The Regional Council is the sheriff when it comes to protecting our environment, with authority to issue infringement and abatement notices … and prosecute.

And HBRC has just issued its 2019-20 compliance report assessing consent holder behaviour and detailing the actions it has taken in that year against environmental scofflaws.

The Council enforces consent restrictions and conditions and the underlying policies. It monitors some 3,044 consents, the majority dealing with water use (64% of consents monitored) or discharges of effluent (13%). Stormwater and wastewater consents make up another 12%, with significant impact on our territorial councils.

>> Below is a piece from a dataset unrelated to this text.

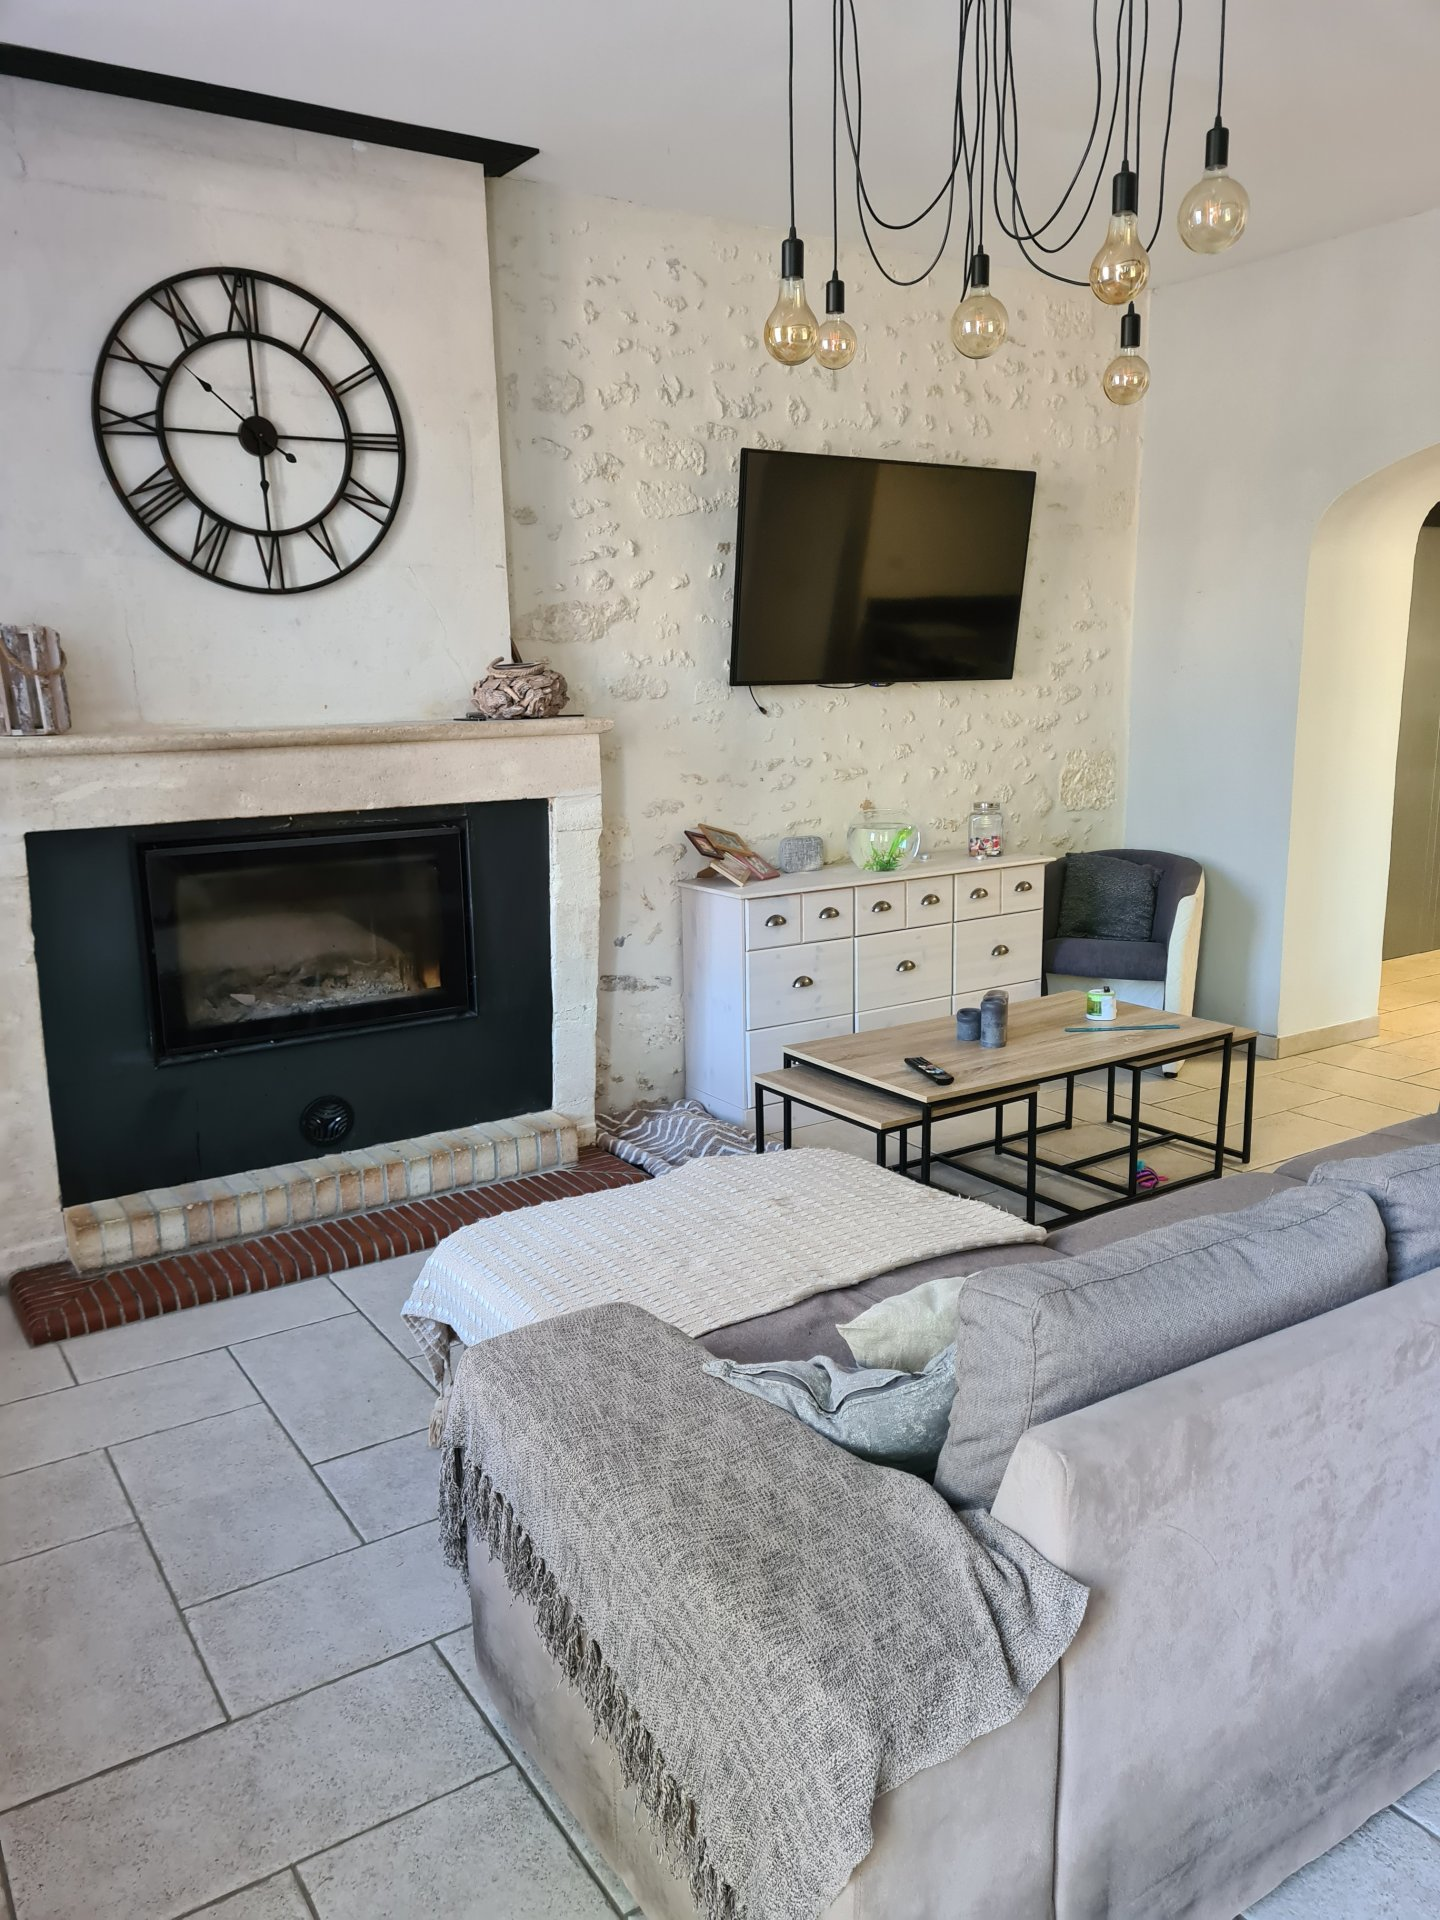 Maison charentaise 180 m²

Overall, 89.7% (2,731) of consent holders were fully compliant; only 1% (29) were in significant non-compliance. Fully 97% of water take consents were graded fully compliant.

Twelve prosecutions were initiated, compared to four the previous year. Two were completed in the year, both involving burning prohibited items including treated timber, plastic piping, etc – Santo Drainage & Contracting ($12,555 fine) and Hastings Demolition ($11,900 fine). Eighty-eight infringement notices were issued, totalling $42,200 in fines.

80% of the region’s 79 dairy farms achieved full compliance with their resource consents. Three dairy operations – R Moore Farms and Maxwell Farms (both Patoka) and Perthshire Farms (Waipukurau) – were found significantly non-compliant, with the Maxwell Farm prosecuted and pleading guilty.

One winery, Trinity Hill, was significantly non-compliant, not meeting discharge standards for wastewater discharged over the unconfined aquifer, and is currently under an abatement notice.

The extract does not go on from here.